Working data >>

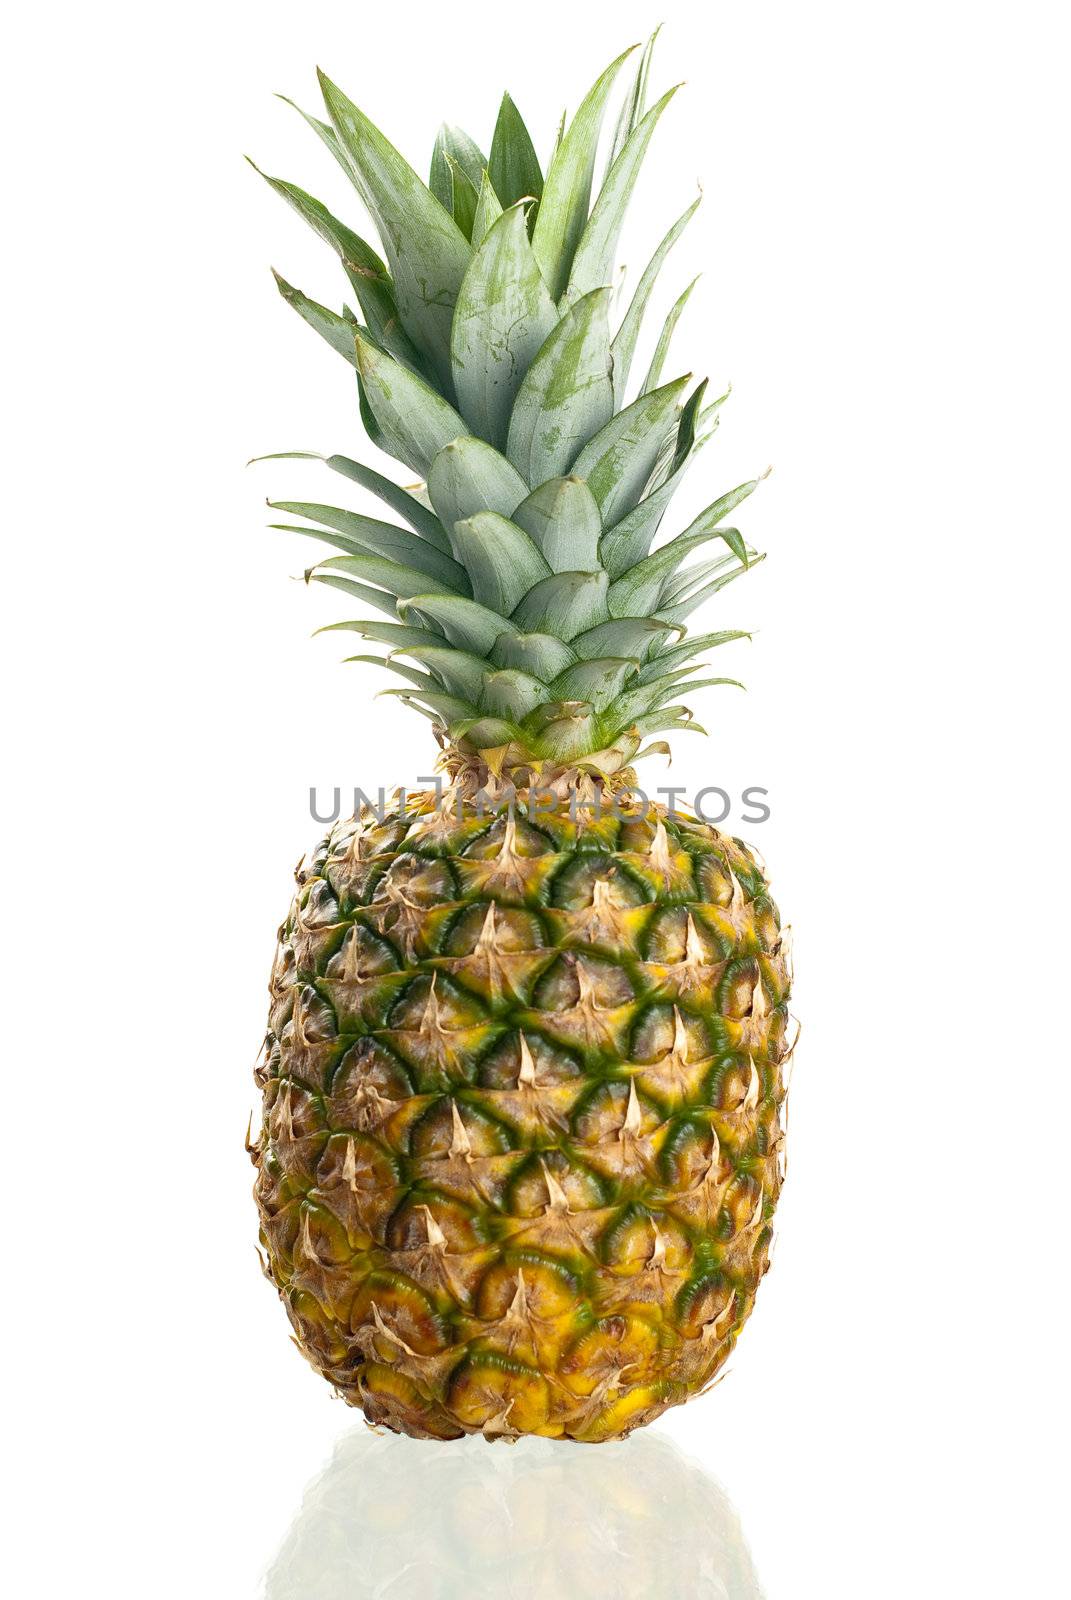 Pineapple isolated on white standing on a reflective surface.
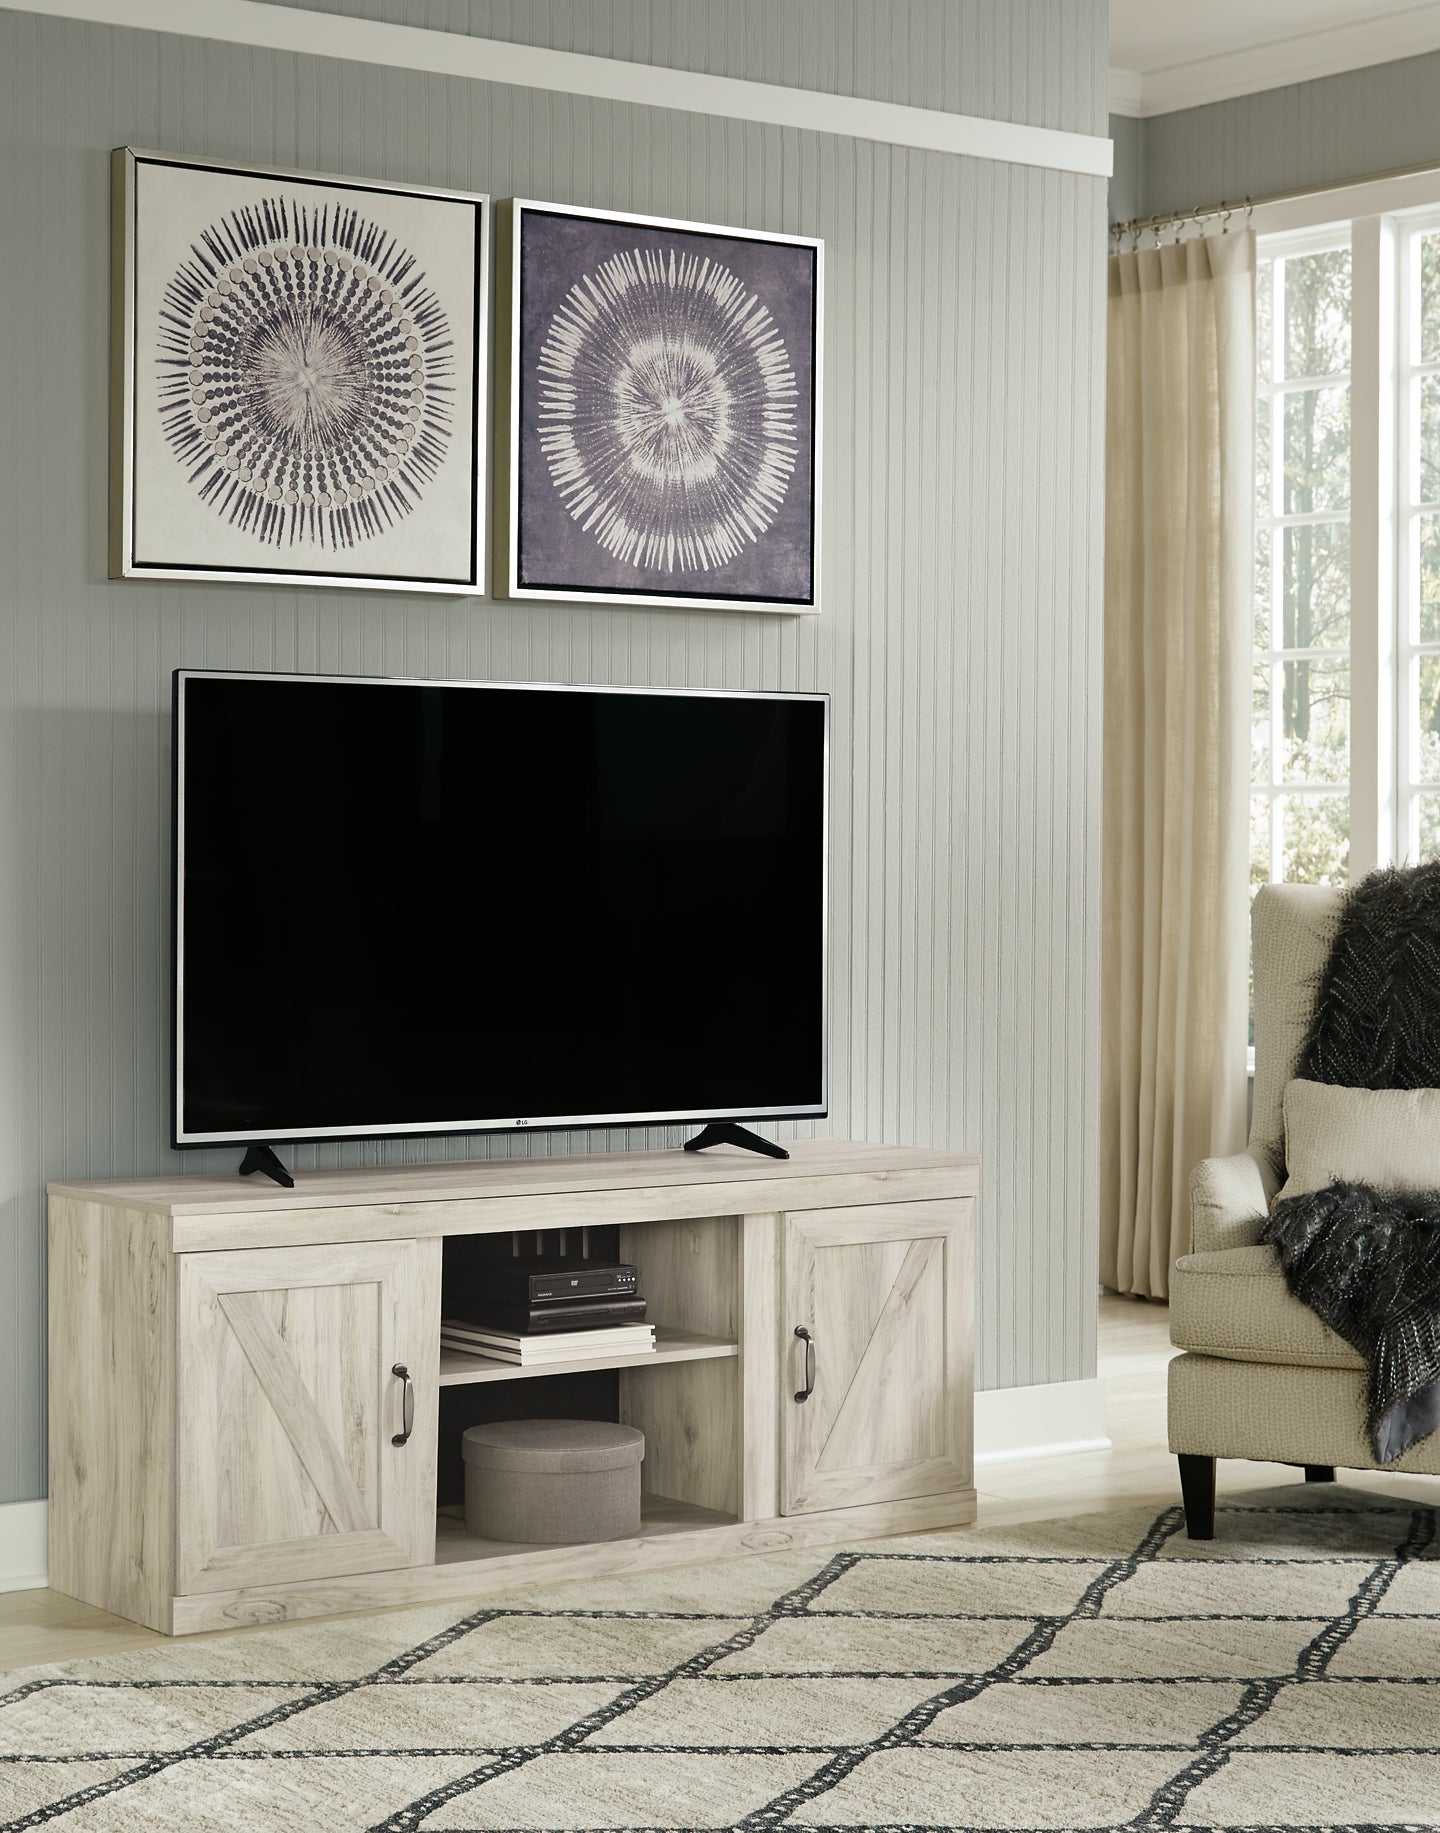 Ashley Express - Bellaby LG TV Stand w/Fireplace Option Wilson Furniture (OH)  in Bridgeport, Ohio. Serving Bridgeport, Yorkville, Bellaire, & Avondale
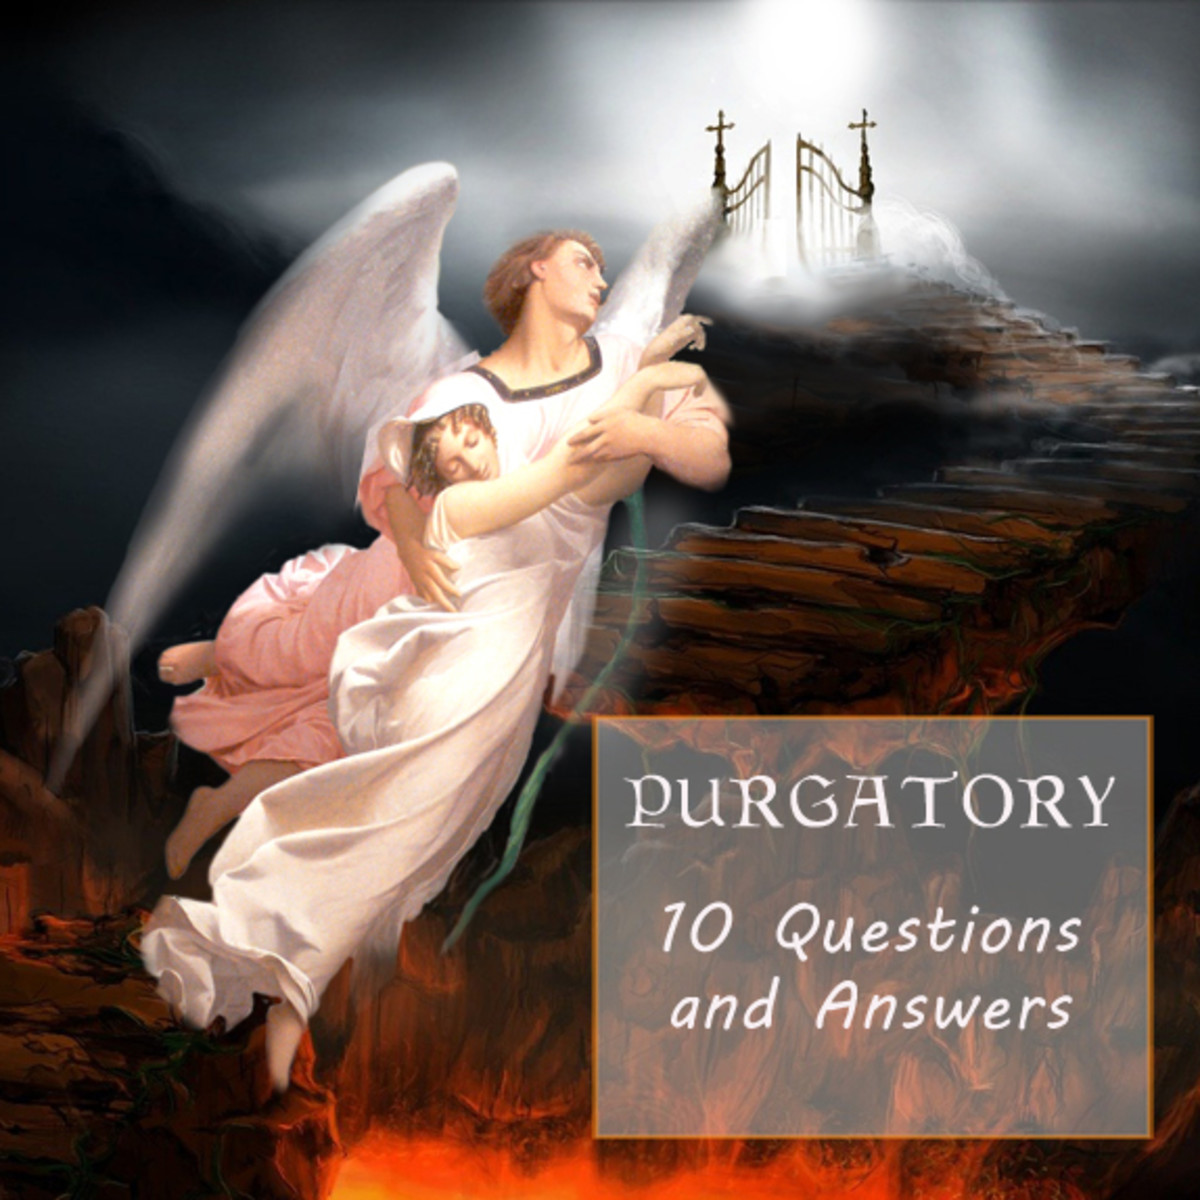 Purgatory: 10 Questions and Answers
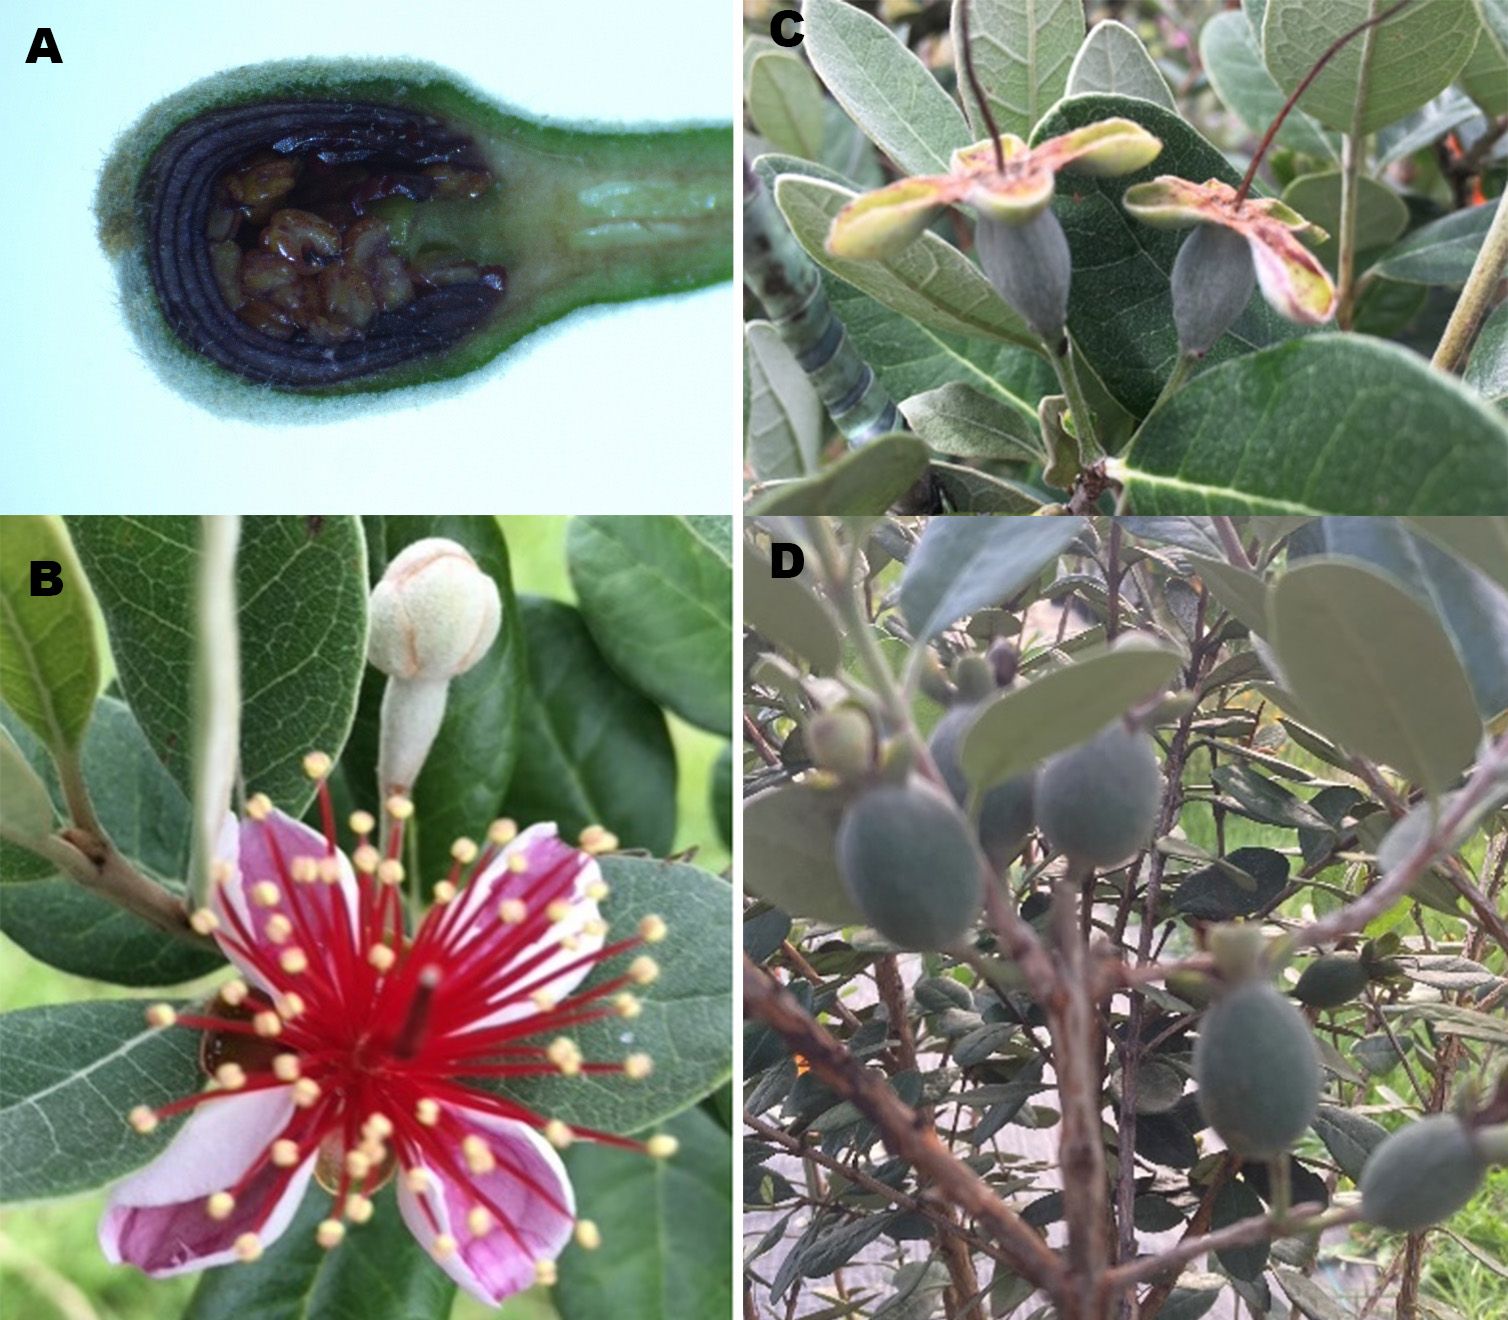 Feijoa bud, flowers, and fruit. (A) Developing feijoa flower bud (mid-March; microscopic photo). (B) Feijoa flowers are showy, fragrant, and taste like strawberry and pineapple (mid-April). (C) Feijoa fruits begin developing shortly after flower senescence (mid-May). (D) Developing feijoa fruits growing in clusters (mid-June). 
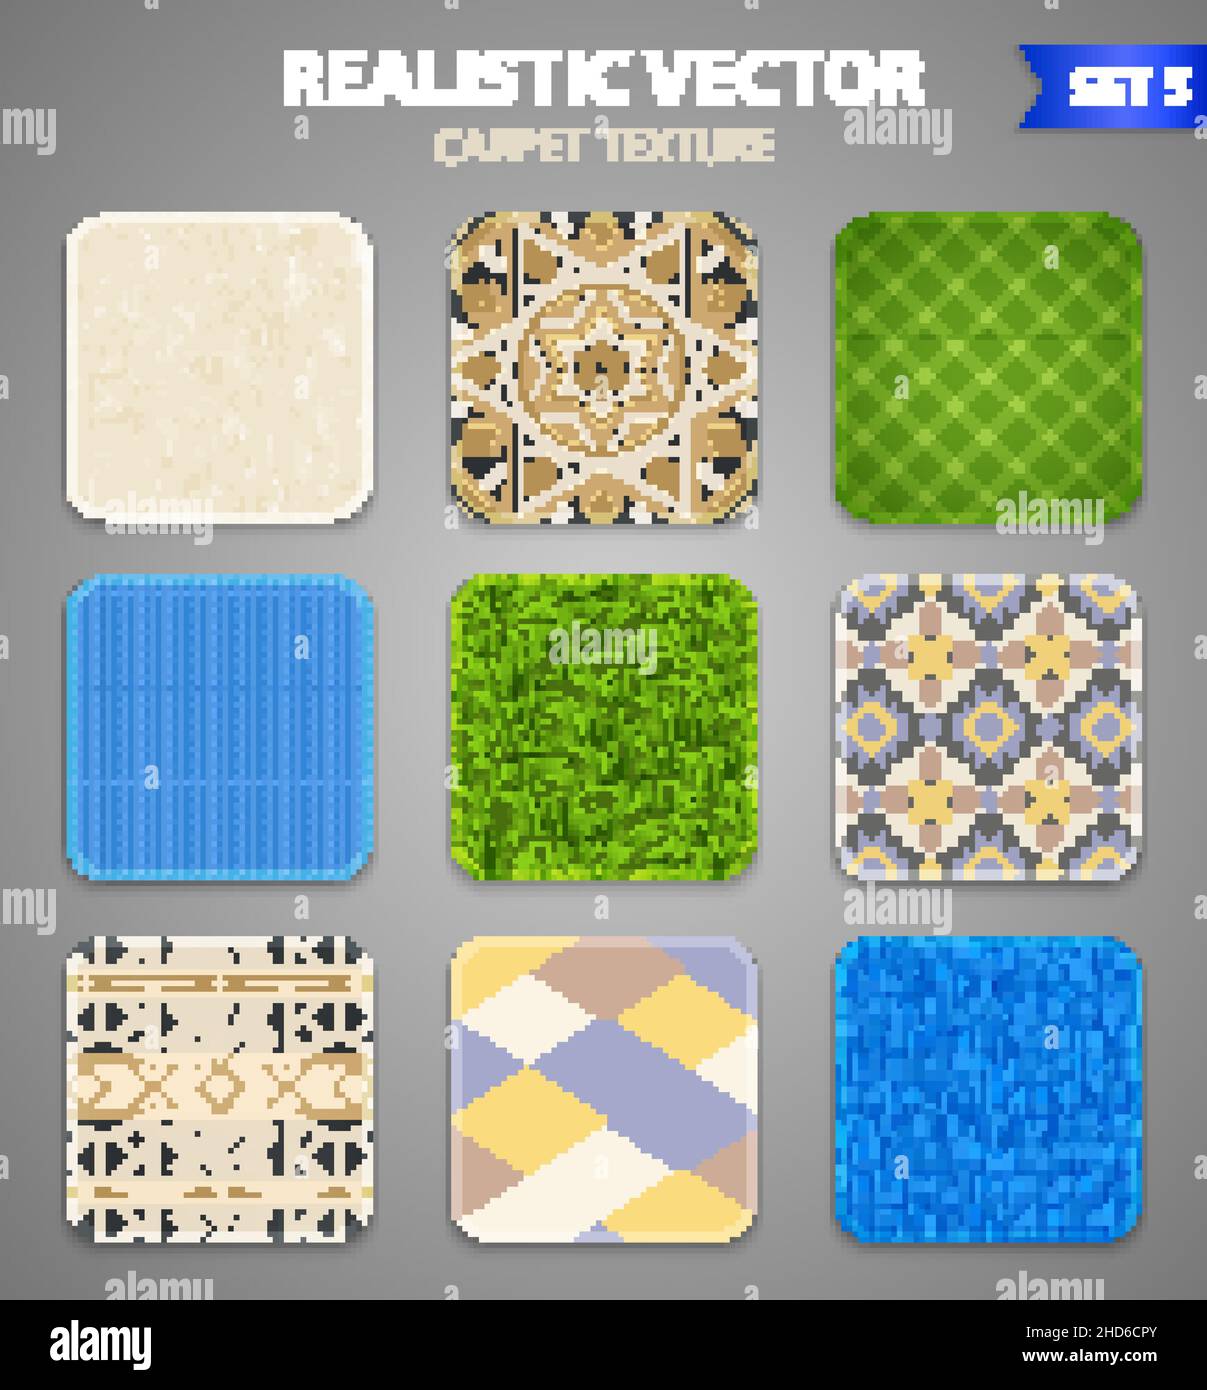 Carpet rugs floor covering texture patterns styles 9 realistic square samples collection on grey background vector illustration Stock Vector

Exercise requirements >> For this step, transcribe all the material above exactly and drop the images.

Answer below >>
 Pineapple isolated on white standing on a reflective surface.
 Ashley Express - Bellaby LG TV Stand w/Fireplace Option Wilson Furniture (OH)  in Bridgeport, Ohio. Serving Bridgeport, Yorkville, Bellaire, & Avondale
 Purgatory: 10 Questions and Answers
 Feijoa bud, flowers, and fruit. (A) Developing feijoa flower bud (mid-March; microscopic photo). (B) Feijoa flowers are showy, fragrant, and taste like strawberry and pineapple (mid-April). (C) Feijoa fruits begin developing shortly after flower senescence (mid-May). (D) Developing feijoa fruits growing in clusters (mid-June). 
 Carpet rugs floor covering texture patterns styles 9 realistic square samples collection on grey background vector illustration Stock Vector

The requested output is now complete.